HM: The current national league? You a fan?
RS: I don't mind it at all. I'd like to see it bigger, with more games, and I'd like to see Otago doing better. But it boils down to resources, and possibly a lack of ambition when it comes to importing players. I believe in giving local players a chance, but you also need some old heads around them. It's not too difficult to get good players. There are millions of very good players in the UK desperate to play somewhere. Advertise for them. I did it myself for Roslyn, and we got 120 replies.

HM: You think Otago United can do something similar?
RS: I'm sympathetic. They're so concerned with just surviving, which has got tougher. Four or five years ago, we had a bit more money when we had Terry Phelan running about. The guy was a top player but he was a waste of time as a coach here. Now we're staggering on, through a depression. But a high priority should be importing a very good player or two.
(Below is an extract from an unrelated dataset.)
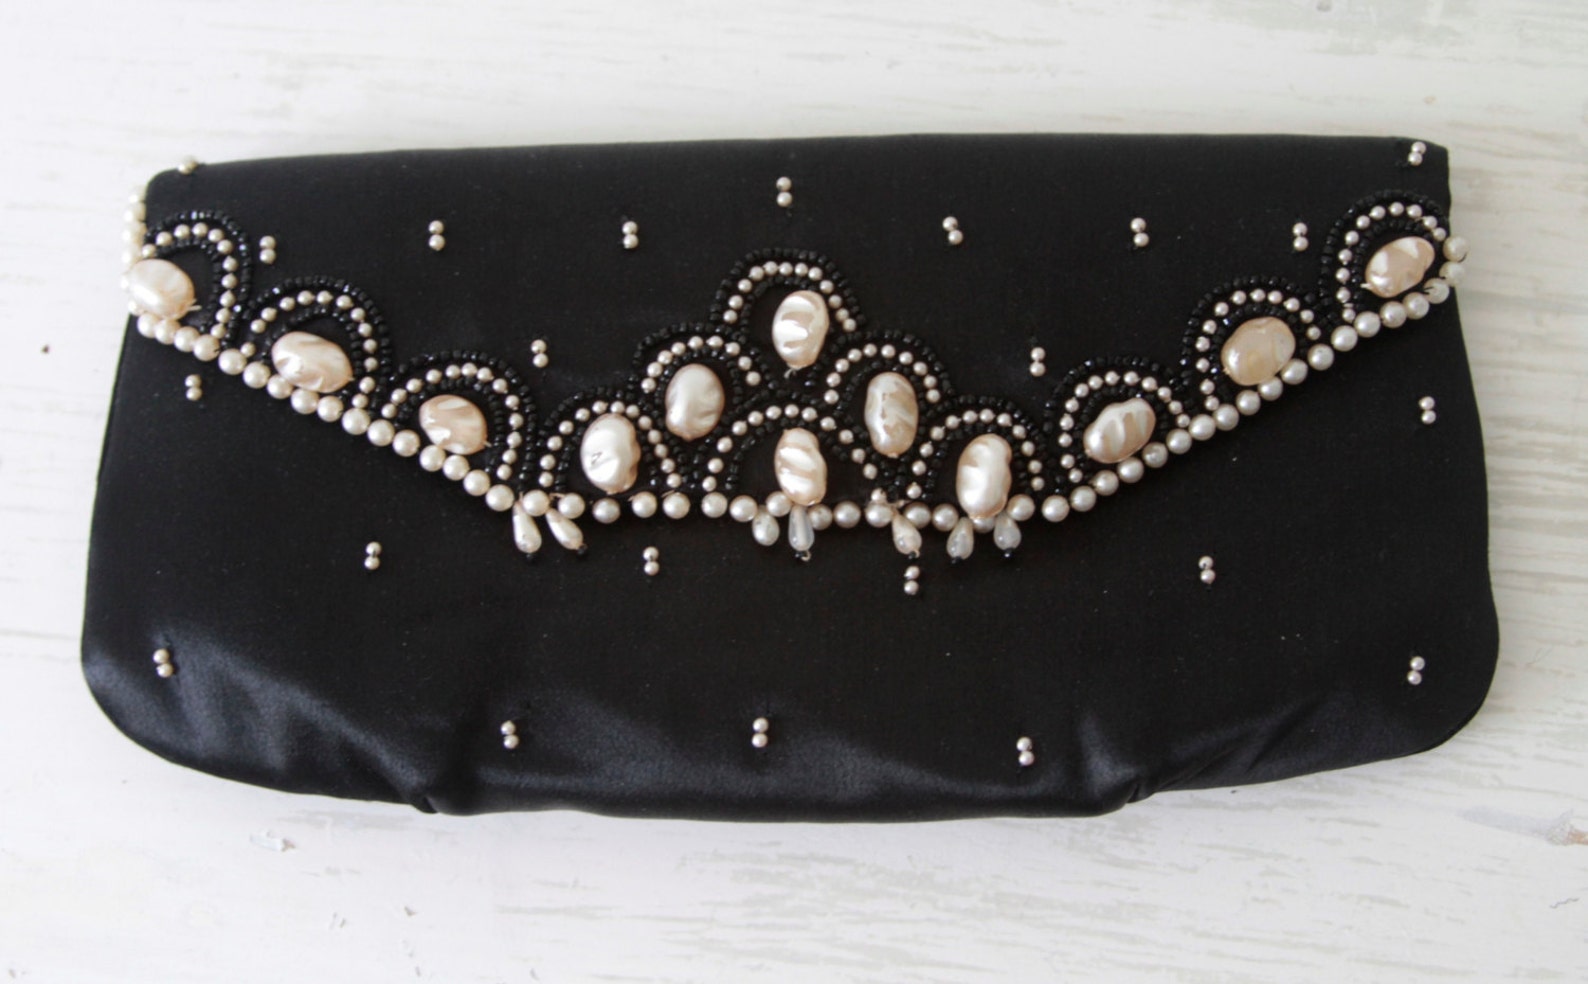 Vintage Magid Black Satin Clutch With Faux Freshwater Pearls - Etsy

HM: You must have seen your share of great players.
RS: Yeah. Barney McGarry's family. Three boys, three girls. All played for Otago. Paddy was a classy player but he was a bit chunky like his father. Mike McGarry, obviously. Excellent player. Steve Wooddin would be up there.

HM: If I recall correctly, you went to the 1982 World Cup.
RS: I did. A dream, really. New Zealand, Scotland, Russia and Brazil. I took a month off. My mate and I bought an old Volkswagen in London. We got robbed on our first day in Spain. Lost all my camera equipment. But what a great tournament! I also went to Italy in 1990. And I had an amazing trip with the masters guys to Germany. This big guy marked me who had played about 50 times for Russia. He was about six foot 5. He had this broken English and I wasn't sure if he was saying he was going to take it easy on me or he was going to break my leg. It was an extremely well-organised tournament.

HM: Were you in Wellington the night the All Whites beat Bahrain?
RS: I sure was. That was another epic situation. All the old Otago guys turned up and congregated at a pub.

HM: What's the key to covering a football game?
RS: I believe you've got to do your homework. It fascinates me when a TV guy comes up and asks who the No 9 is or whatever. It's good to find out about the players, and see if the coaches can tell you bits and pieces. It's not rocket science.

HM: Still enjoying it?
RS: Yeah. Some games seem to last longer than others. But that's just a sign it's a bad game.